In certain situations, toxic over-dosage of Isoniazid and rifampicin in combination has been recorded. In such situations, patients presented with variety of manifestation such as convulsions, altered sensoruim, coma, metabolic acidosis, rhabdomyolysis, renal failure, and variable hepatotoxicity. In terms of management, apart from general measures such as providing airway by intubation, gastric lavage with activated charcoal, correction of metabolic acidosis by soda bicarb, and measures to correct hypotension and hyperkelemia.

Pyridoxine supplementation has been found to be useful in the management of neurological complication of isoniazid. In general, pyridoxine is given in doses equal to the amount of isoniazid ingested, and is given intravenous over 30-60 min for patients without seizures and over 3-5 min in patients with seizures. The dose can be repeated at 5-20 min interval until seizures cease.[48]

Conclusion

In conclusion, we report a case of fatal poisoning from Isoniazid and rifampicin combination, with detailed literature review.

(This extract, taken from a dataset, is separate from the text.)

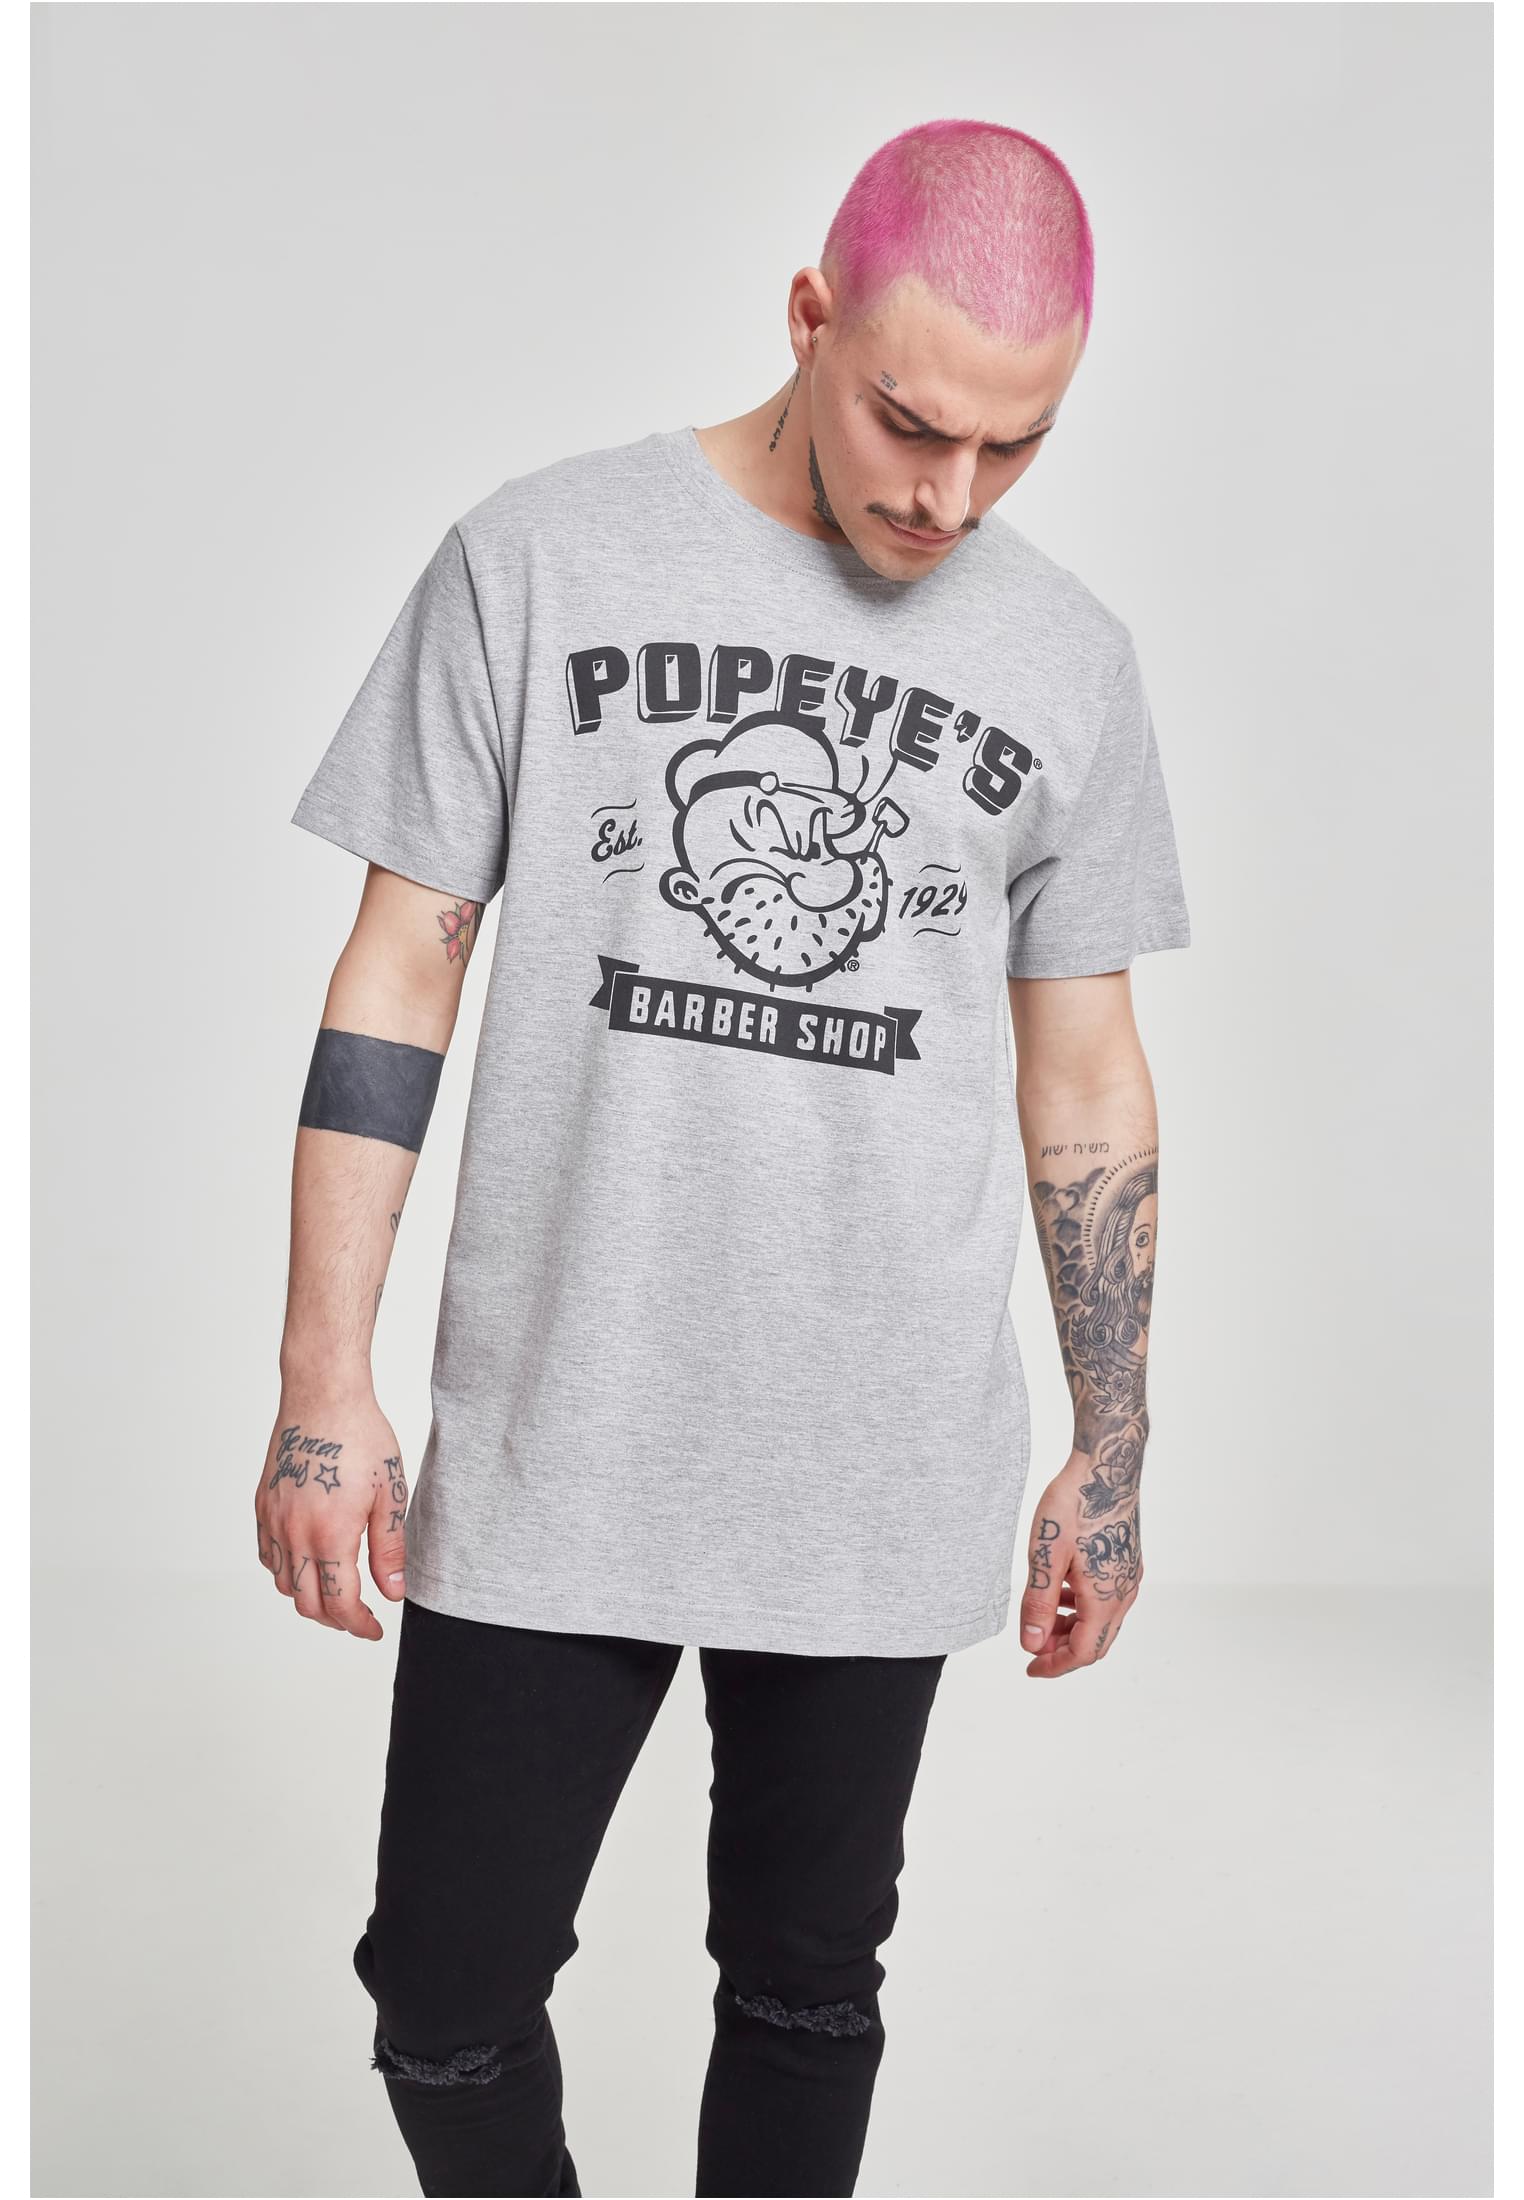 T-Shirts Popeye Barber Shop Tee in Farbe heather grey

With increasing usage of antituberculosis drugs, and in view of increasing prevalence of various forms of tuberculosis in community, it may be prudent to educate health-care providers and immediate relatives to bring the patient in case of accidental or suicidal poisoning at the earliest for timely management, and also to ensure the availability of intravenous preparation of pyridoxine in all centers and availability of monitoring blood levels of isoniazid and rifampicin in selected centers. The late referral, shock, severe lactic acidosis, and renal failure would have been contributory for fatal outcome in our patient. Isoniazid poisoning should be suspected in all patients where symptoms are coma and seizures especially in those who have access to isoniazid.